> _What needs to be done_:
What follows is a listing to transcribe exactly, leaving the pictures out.
== Information supplied ==
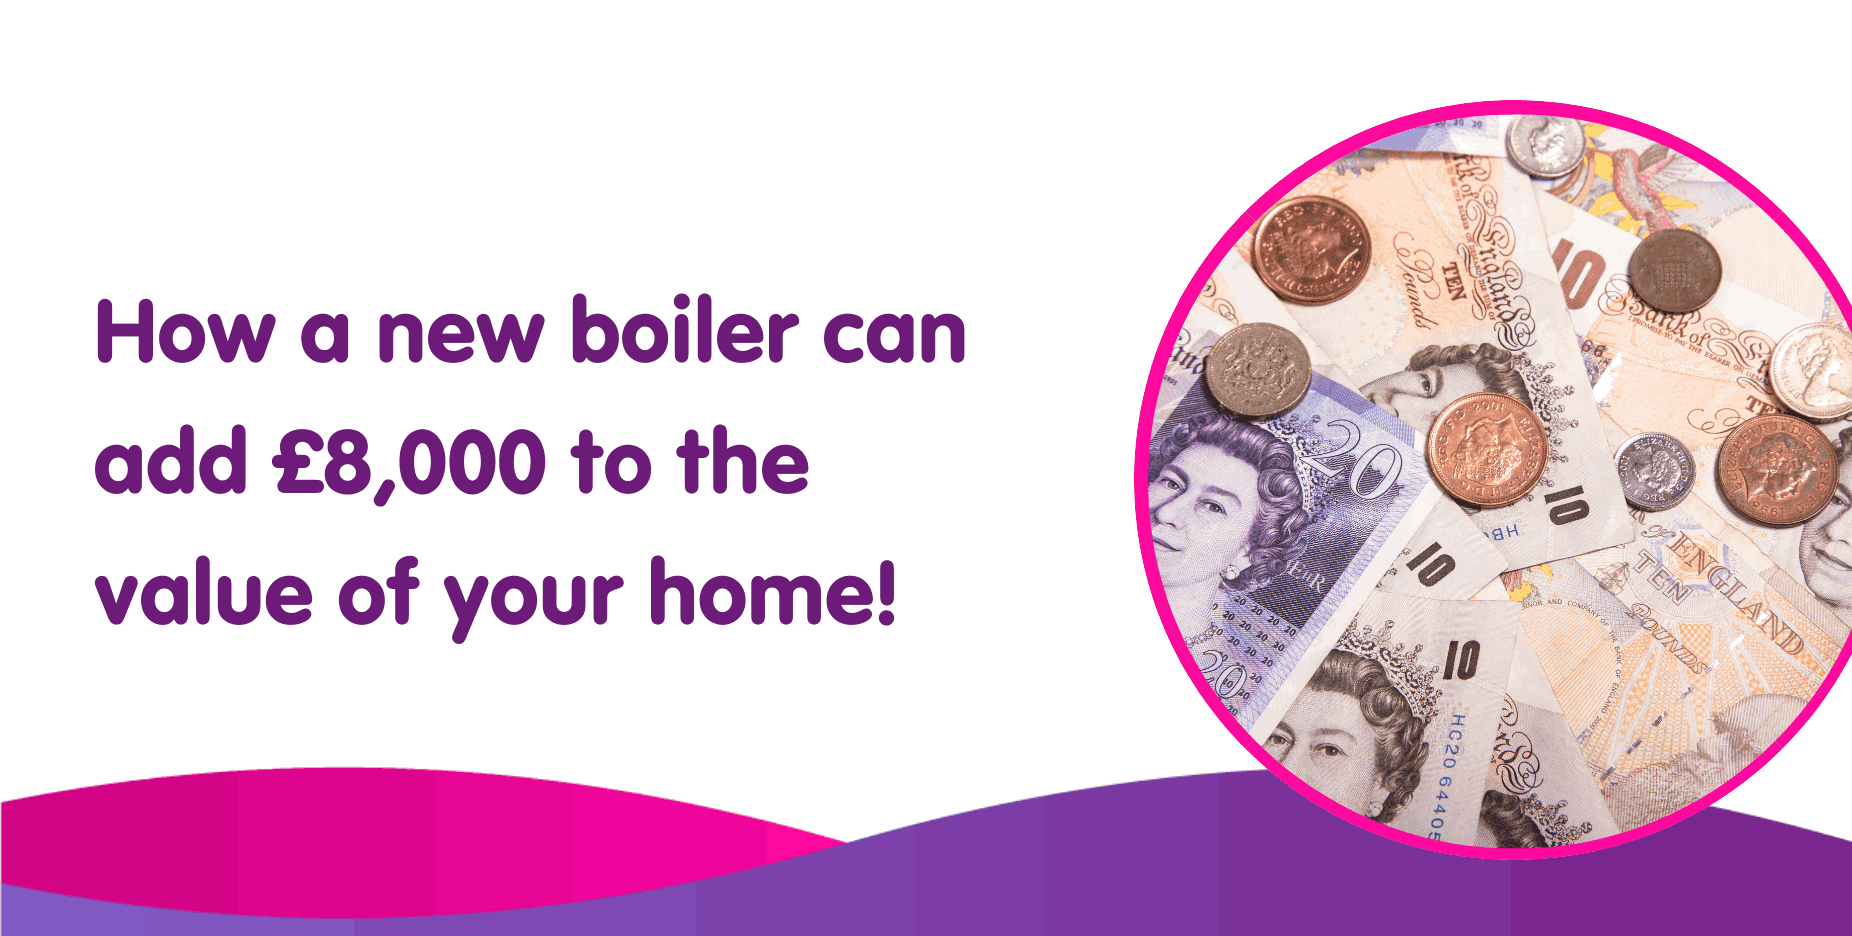 How a new boiler can add £8,000 to the value of your home!
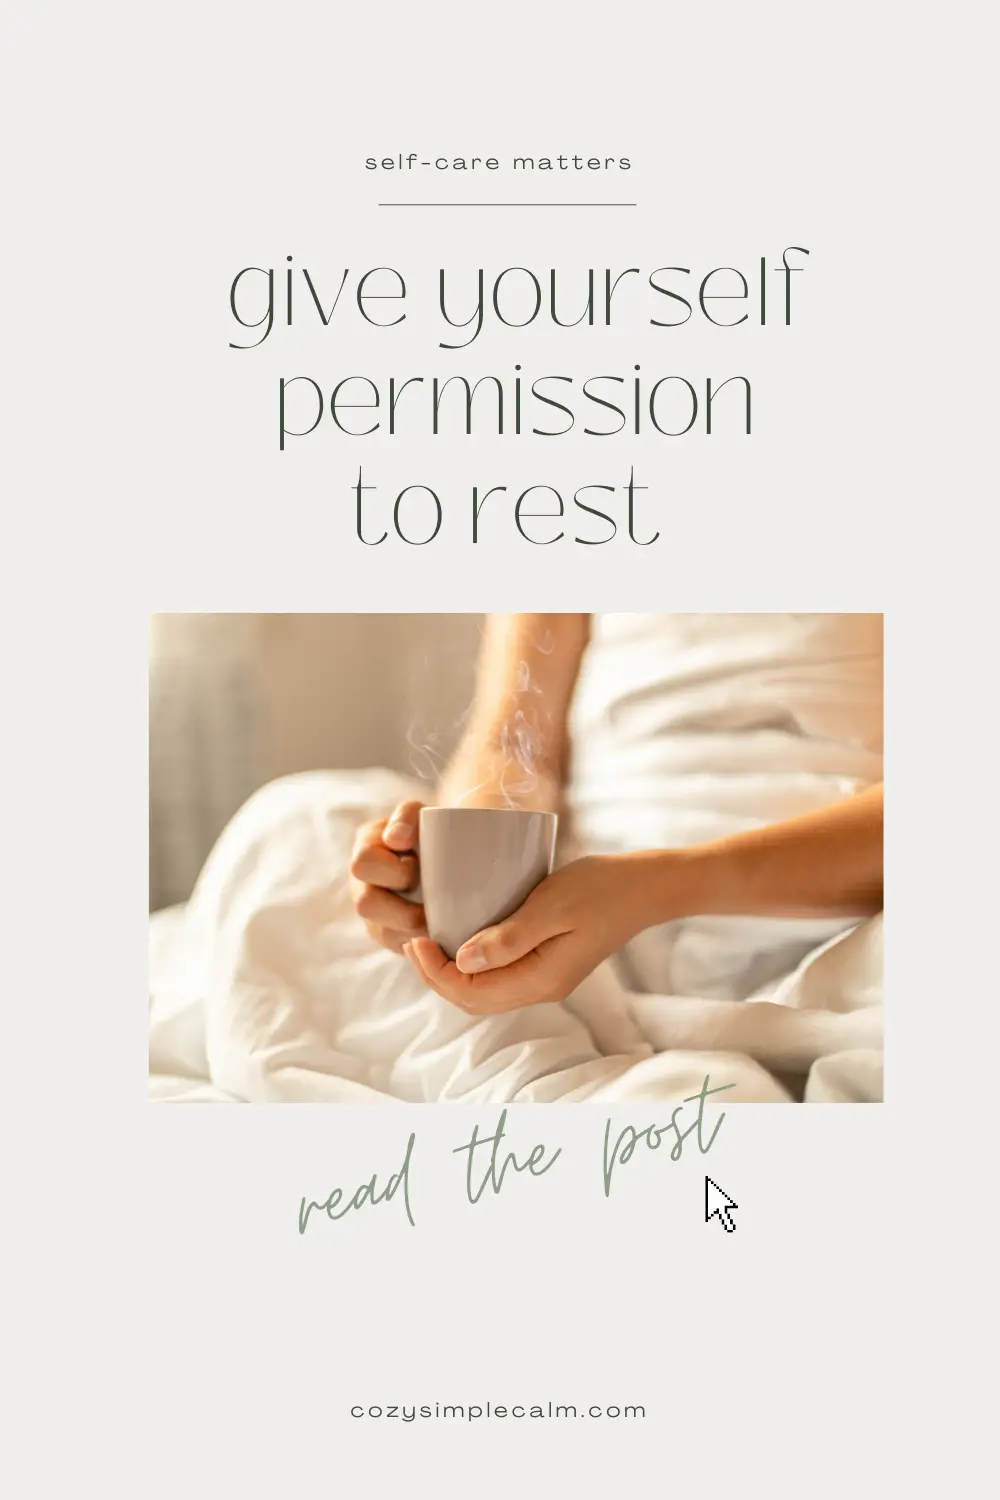 Image of hands holding steaming mug - Text overlay: Self-care matters. Give yourself permission to rest. Read the post. cozysimplecalm.com
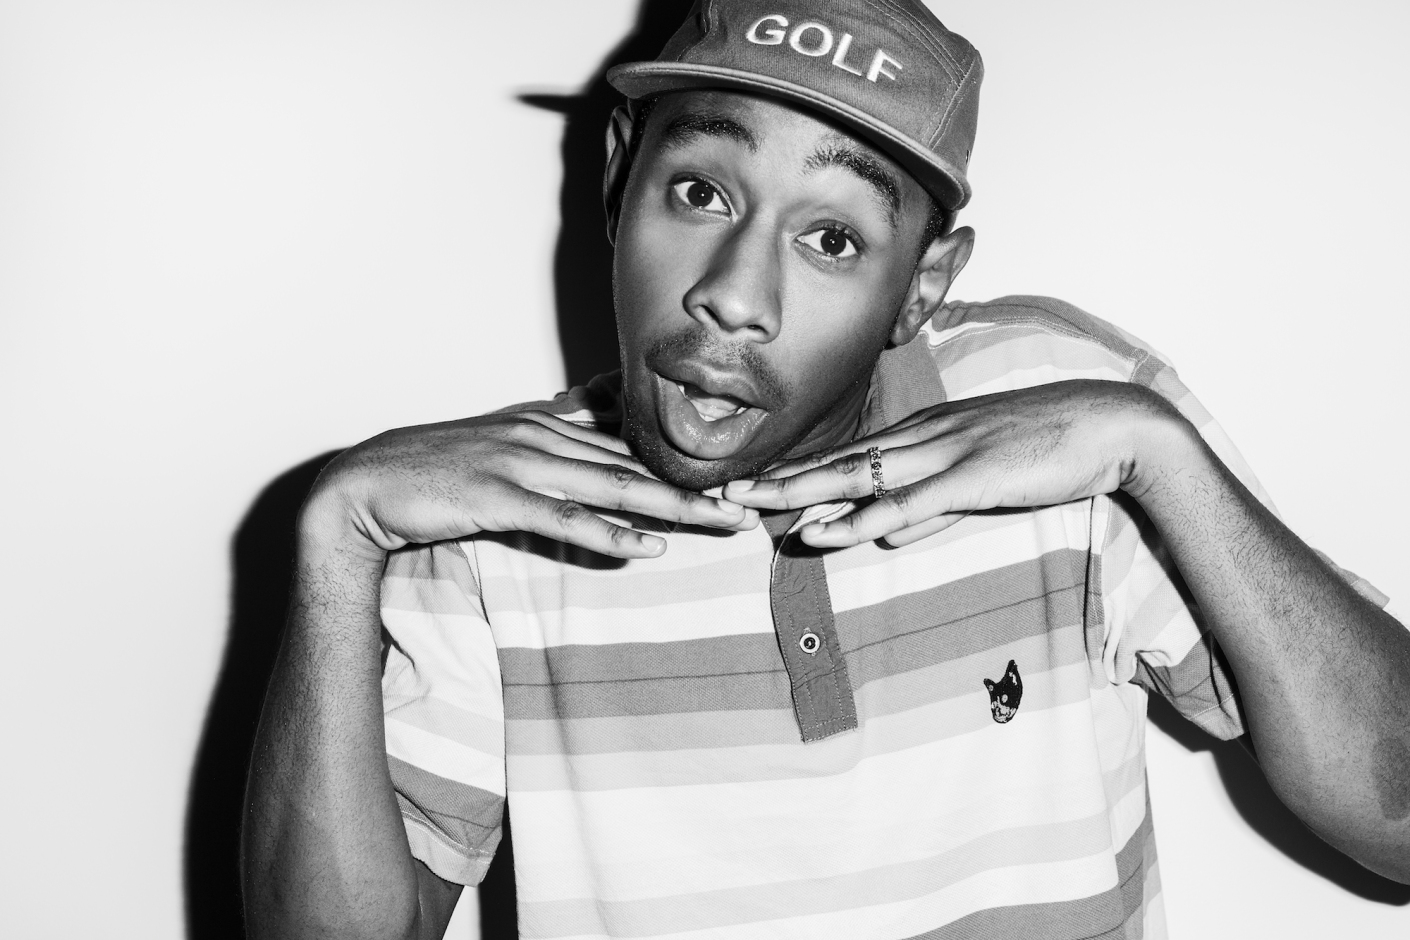 Tyler the Creator responds defiantly to disappointed fan ...
===
> _Written answer_:
 How a new boiler can add £8,000 to the value of your home!
 Image of hands holding steaming mug - Text overlay: Self-care matters. Give yourself permission to rest. Read the post. cozysimplecalm.com
 Tyler the Creator responds defiantly to disappointed fan ...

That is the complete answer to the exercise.